Bem instalado no seu posto de comando, o condutor pode partir à descoberta das potencialidades dinâmicas do 3008. O motor 1.6 BlueHDI de 120 cv mantém neste formato um desempenho honesto e cumpridor. Isto porque permite desenvolver um ritmo interessante, chegando com relativa facilidade a velocidades estáveis. O Hyundai tem uma direção homogénea (tem dois modos de assistência, mas não servem de muito) e também consegue uma ação dinâmica rigorosa e muito segura, mas não chega a ser tão interativo como o Peugeot, ainda que possua o ESP mais permissivo. O Tiguan não desilude, até porque também é previsível, mas tem o motor mais esforçado, pois sempre que se pede um pouco mais de energia, esta unidade não consegue esconder o esforço e acaba por “suplicar” por uma relação mais baixa. Num andamento limite, é menos eficaz dinamicamente face aos rivais e sofre de algumas perdas de tração. É ainda o que perde mais trajetória, sem que o ritmo seja excessivo. Quando a questão que se coloca diz respeito à agilidade do motor, as diferenças aparecem. Nas acelerações, o Peugeot é o mais rápido, contudo as diferenças são na ordem das décimas de segundo. Nas recuperações também se destaca, sendo o Tiguan o mais lento por culpa de uma caixa de relações mais longas e também pelo facto de ser o mais pesado. Embora por pouco, os melhores valores de consumo pertencem aos 5,8 l/100 km do Peugeot, seguidos de 6 litros no VW e 6,3 litros no Hyundai. O modelo alemão paga mais IUC pelo facto de as emissões suplantarem as 120 g/km de CO2.

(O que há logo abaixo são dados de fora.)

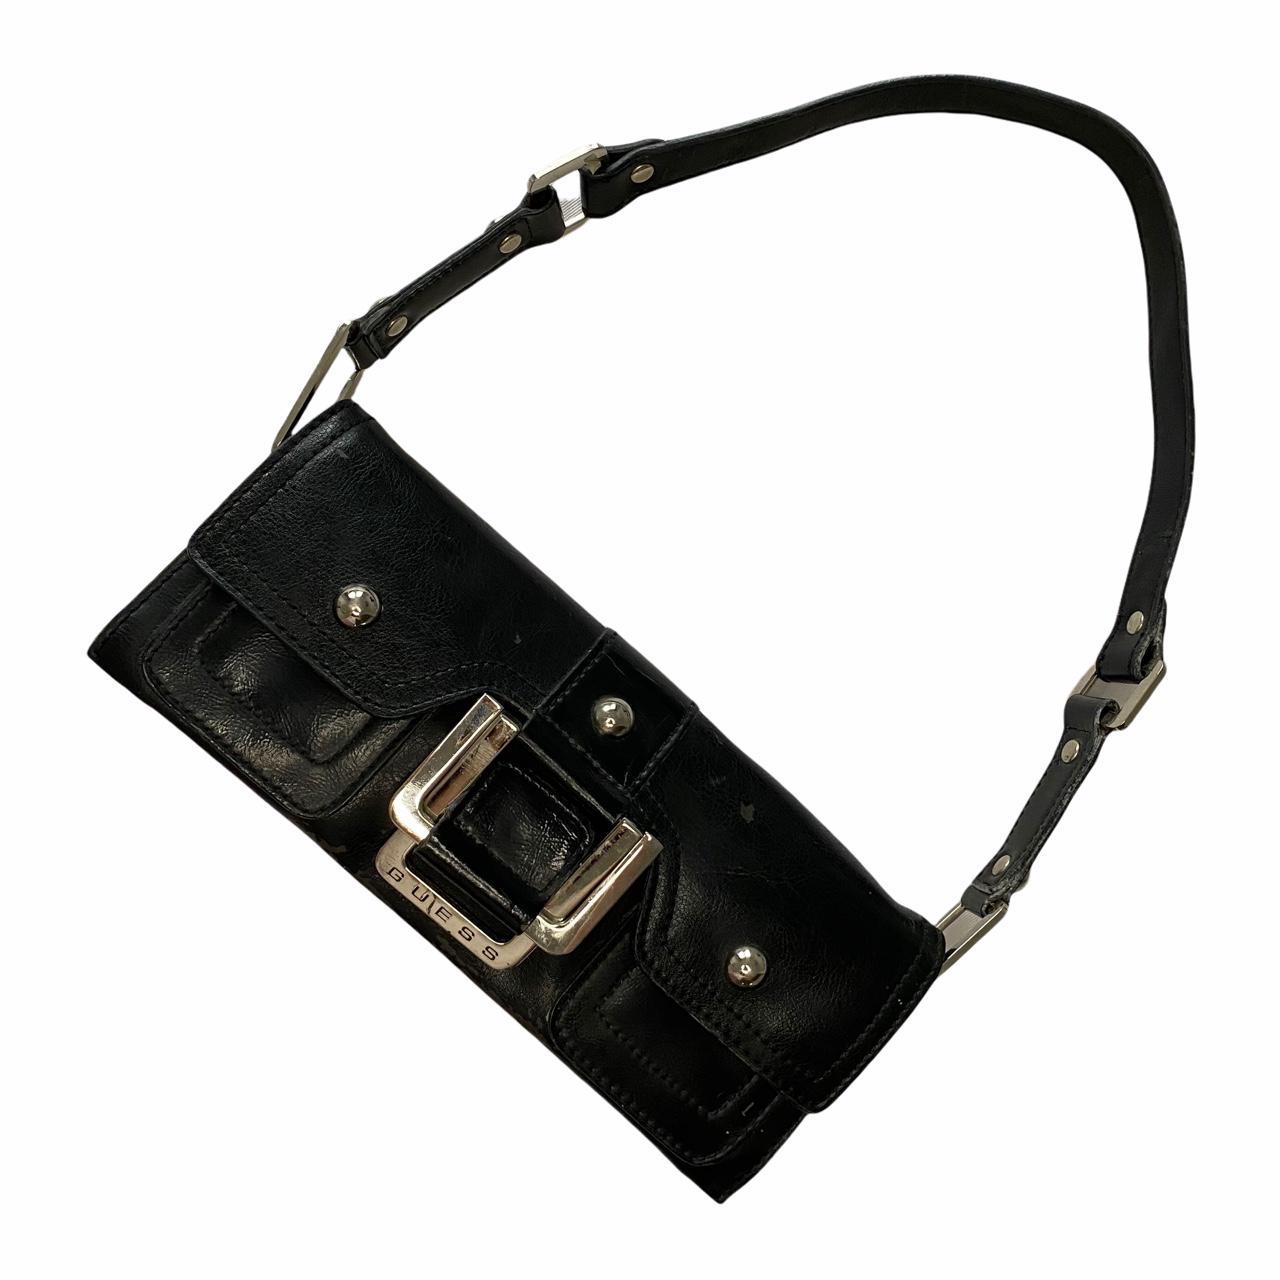 Guess Women's Black and Silver Bag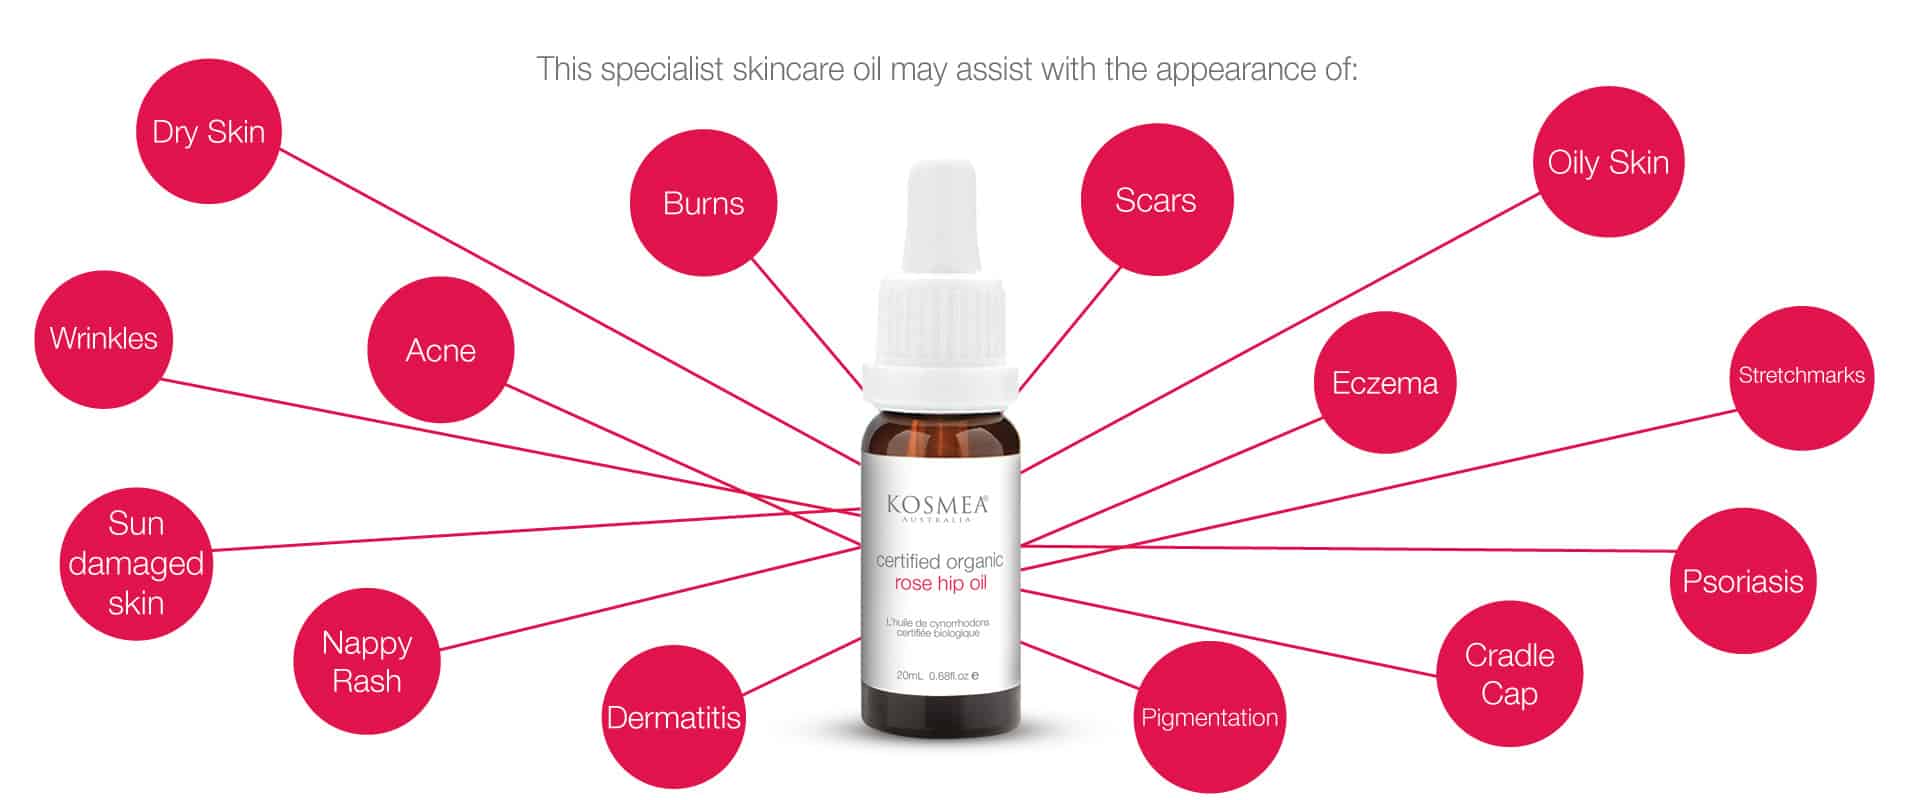 This specialist skincare oil helps with skin health

Em jeito de conclusão, fica a prova de que o novo 3008 se mantém como a referência no segmento e mesmo perante um VW com motor equivalente consegue sair vencedor. O Tiguan não foi “feito” para este bloco. A diferença entre o 1.6 TDI e o 2.0 TDI neste modelo é muito evidente. O Hyundai é um SUV apelativo que aposta forte na garantia, na oferta das manutenções durante cinco anos e no equipamento de série, bem como se assume como surpresa pela positiva na avaliação do comportamento dinâmico.